Question

The 1.30-kg head of a hammer has a speed of 7.3 m/s just before it strikes a nail and is brought to rest Estimate the temperature rise of a 14-g iron nail generated by 8.0 such hammer blows done in quick succession. Assume the nail absorbs all the energy.
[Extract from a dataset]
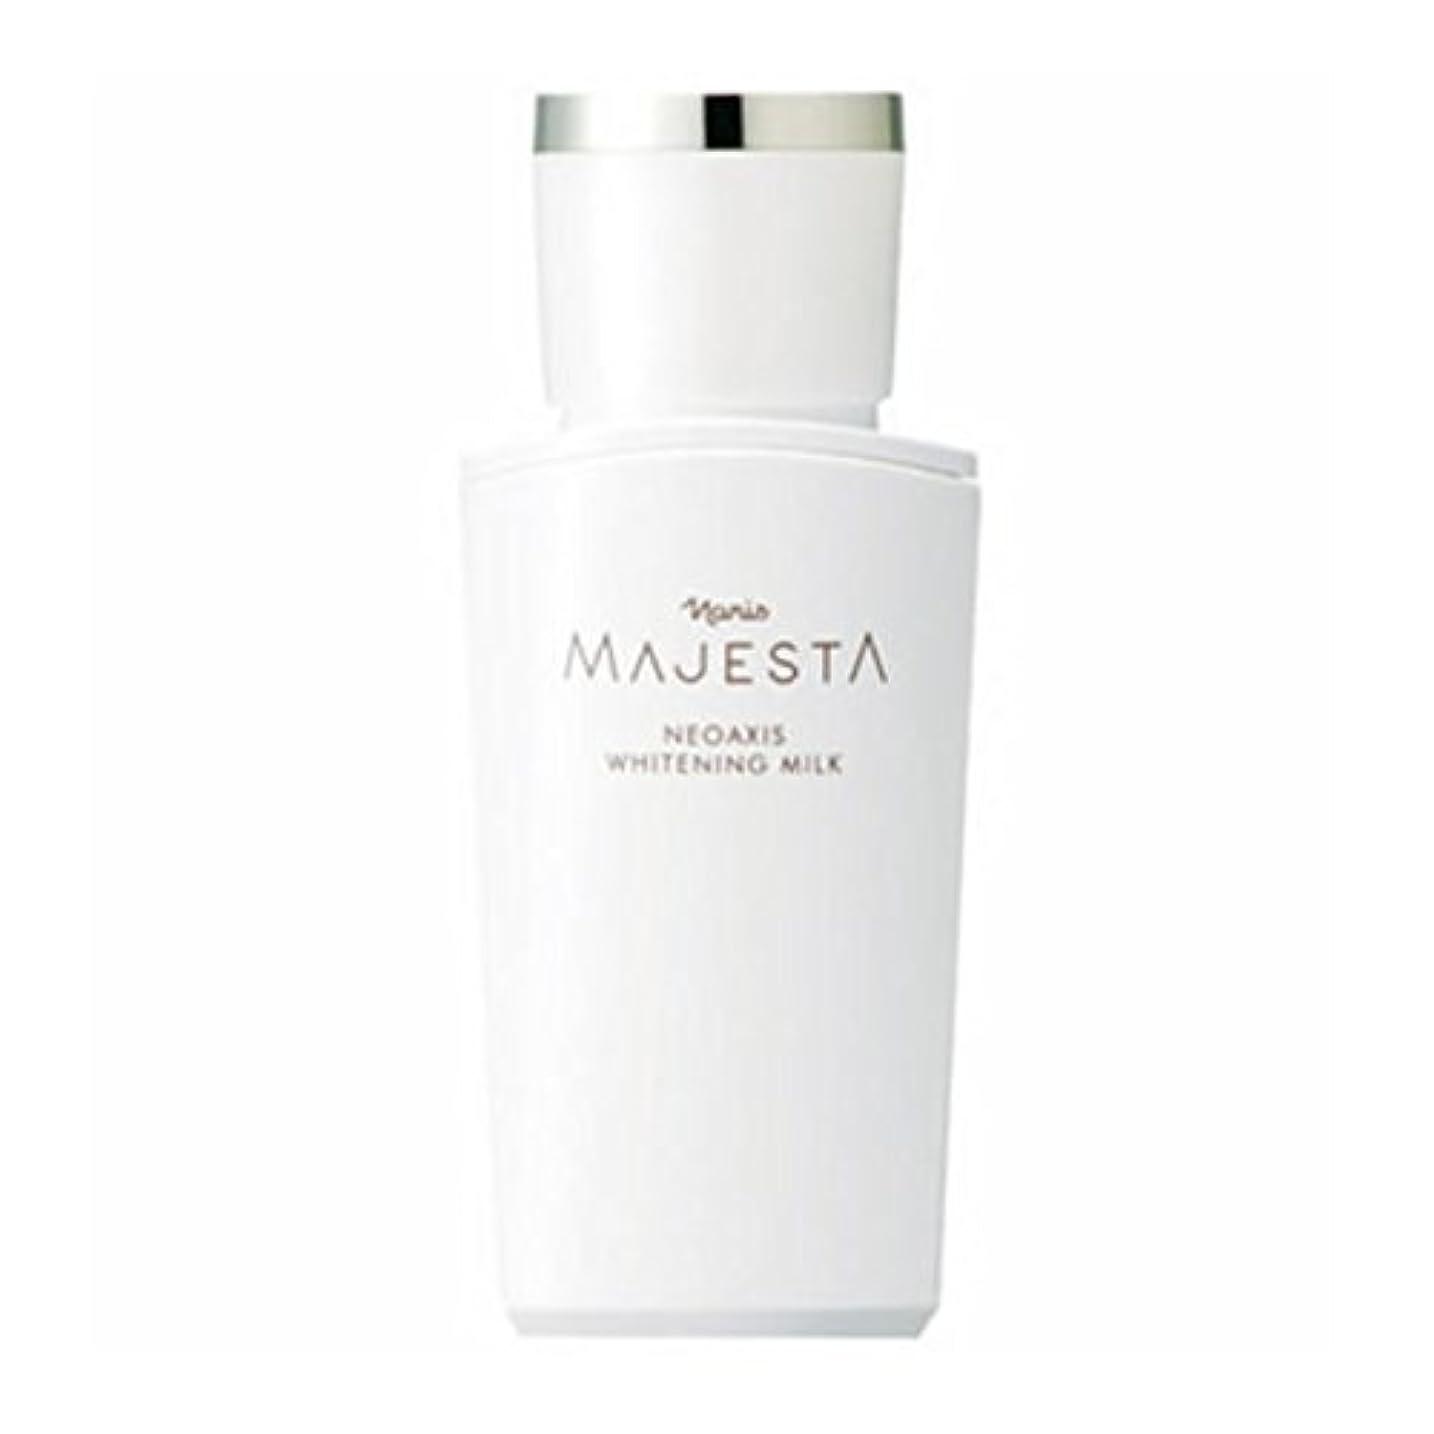 モンスタージャンクションコストナリス化粧品 マジェスタ ネオアクシス ホワイトニング ミルク (薬用 美白乳液) 80ml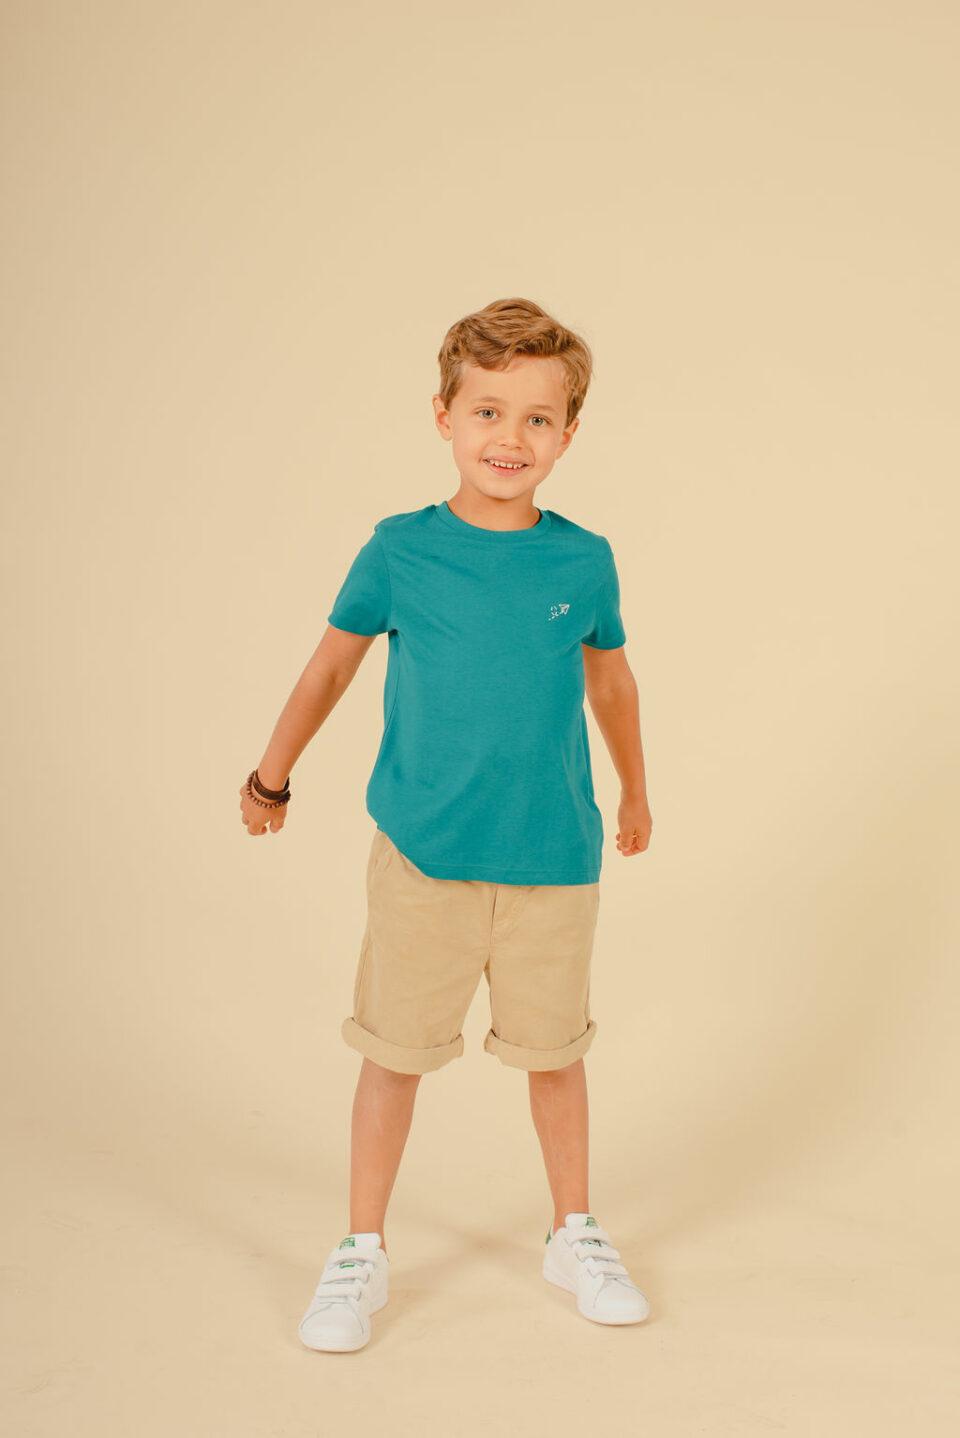 kiddø - T-shirt - Boy

The specific heat of iron is 450 J/kg⋅C∘.

Answer 1

Answer:

The rise in temperature is $43.98^{\circ}C$

Solution:

As per the question:

Mass of hammer, M = 1.30 kg

Speed of hammer, v = 7.3 m/s

Mass of iron, $m_{i} = 14\ g$

No. of blows, n = 8

Specific heat of iron, $C_{i} = 450\ J/kg.^{\circ}C = 0.45\ J/g^{\circ}C$

Now,

To calculate the temperature rise:

Transfer of energy in a blow = Change in the Kinetic energy

$\Delta KE = \frac{1}{2}Mv^{2} = \frac{1}{2}\times 1.30\times 7.3^{2} = 34.64\ J$

For 8 such blows:

$\Delta KE = n\Delta KE = 8\times 34.64\ = 277.12 J$

Now, we know that:

$Q = m_{i}C_{i}\Delta T$

$\Delta T= \frac{\Delta KE}{m_{i}C_{i}}$

$\Delta T= \frac{277.12}{14\times 0.45} = 43.98^{\circ}C$